-- Work instruction --
Leaving out the images, reproduce every line of the data that follows exactly.

-- Input data --
____________

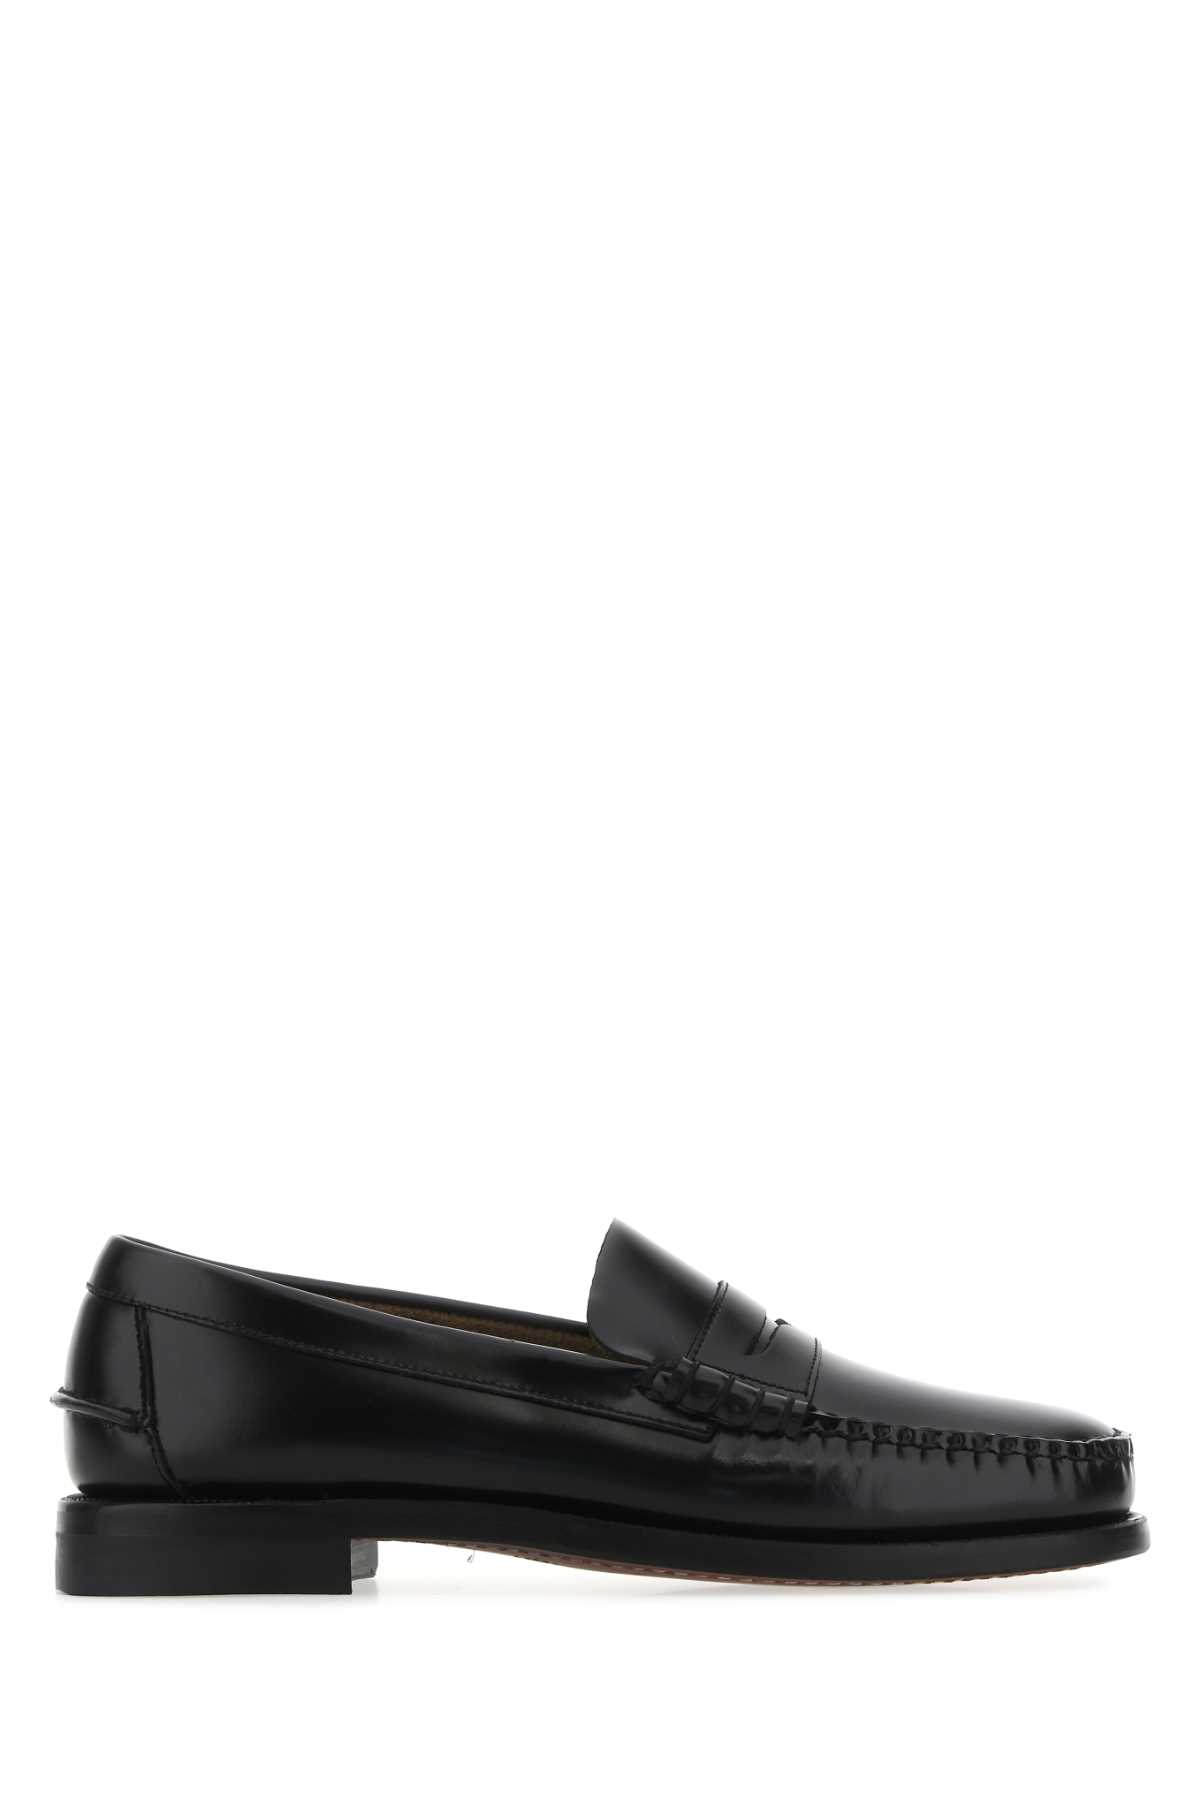 Shop Sebago Black Leather Classic Dan Loafers
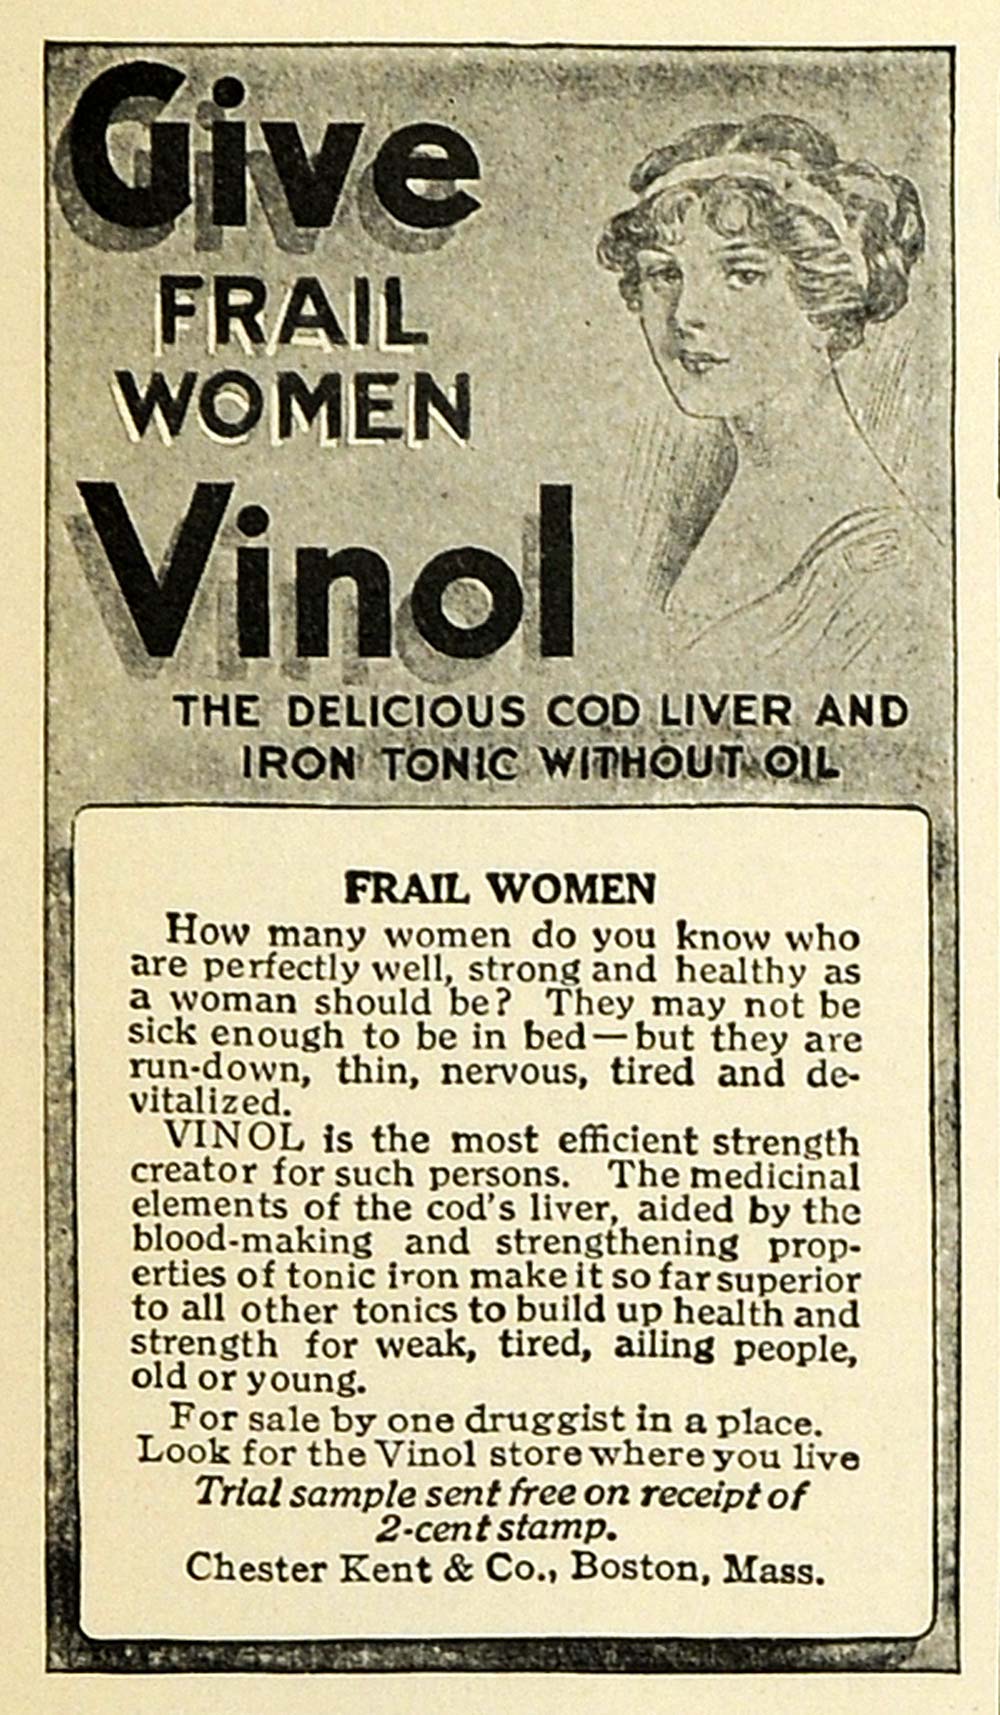 1914 Ad Chester Kent Boston Vinol Cod Liver Iron Tonic Health Products TMP2
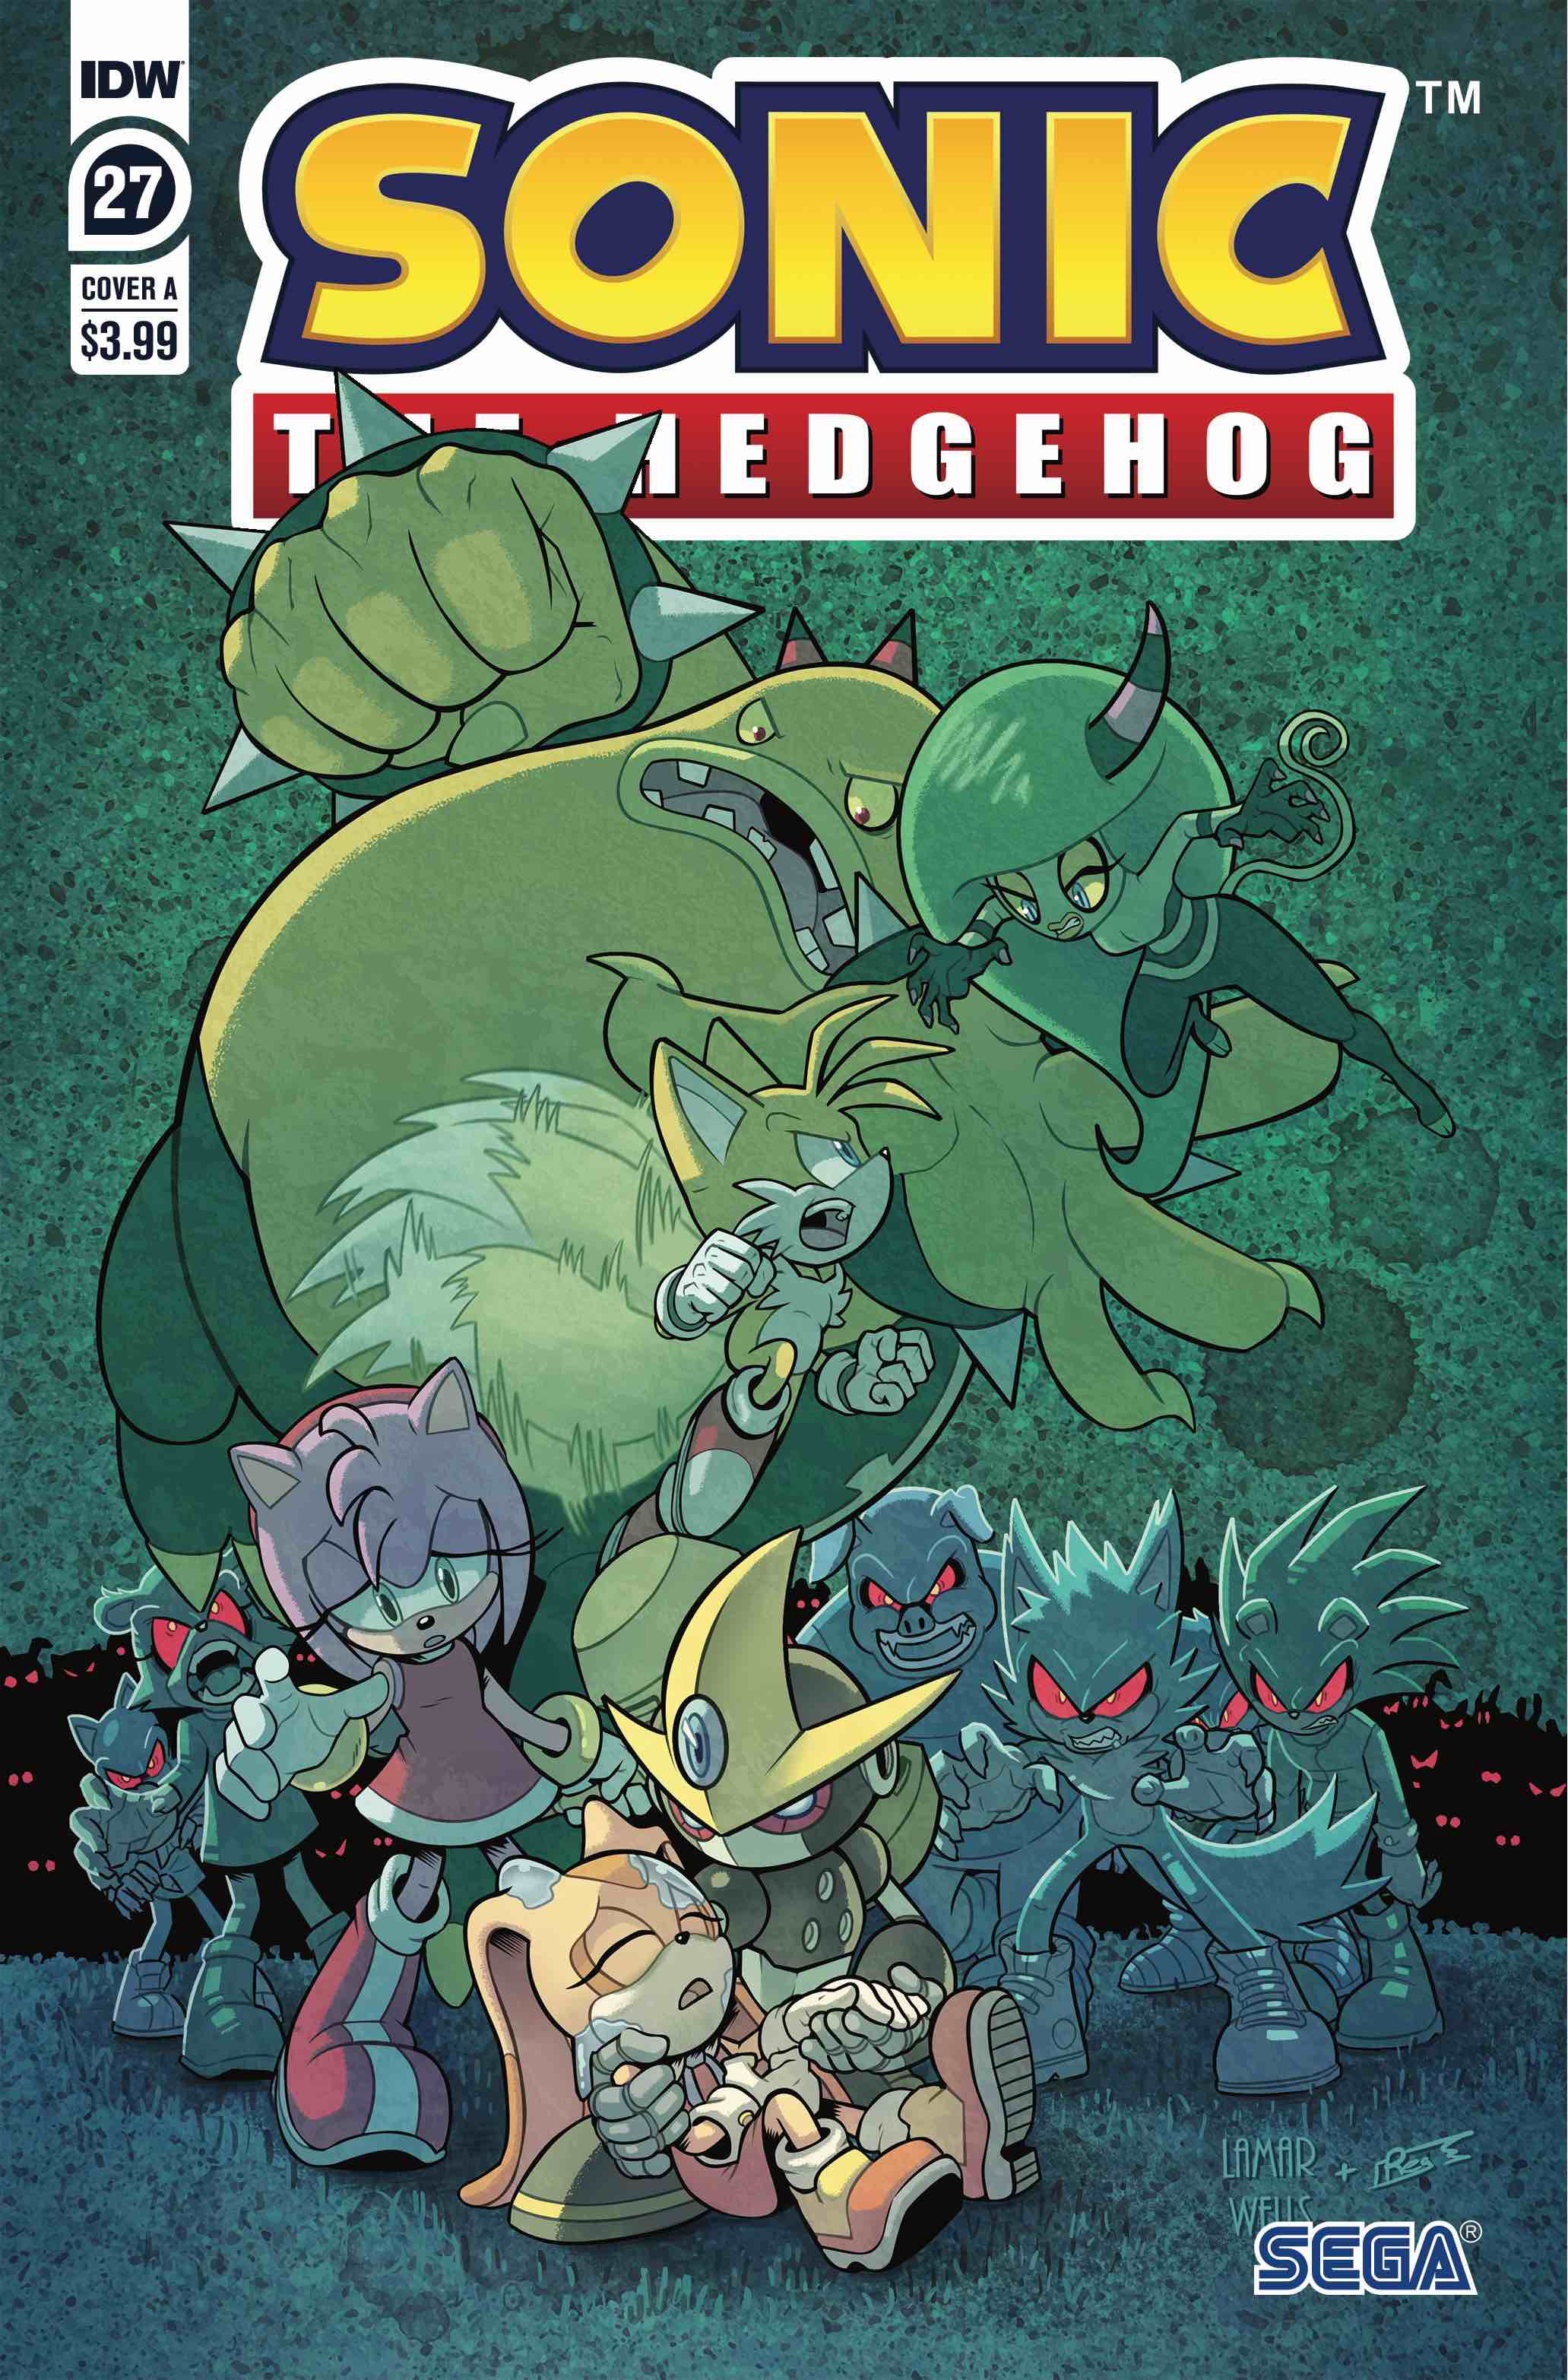 Sonic The Hedgehog #27 Comic

____________

-- Output of the exercise --
 Shop Sebago Black Leather Classic Dan Loafers
 1914 Ad Chester Kent Boston Vinol Cod Liver Iron Tonic Health Products TMP2
 Sonic The Hedgehog #27 Comic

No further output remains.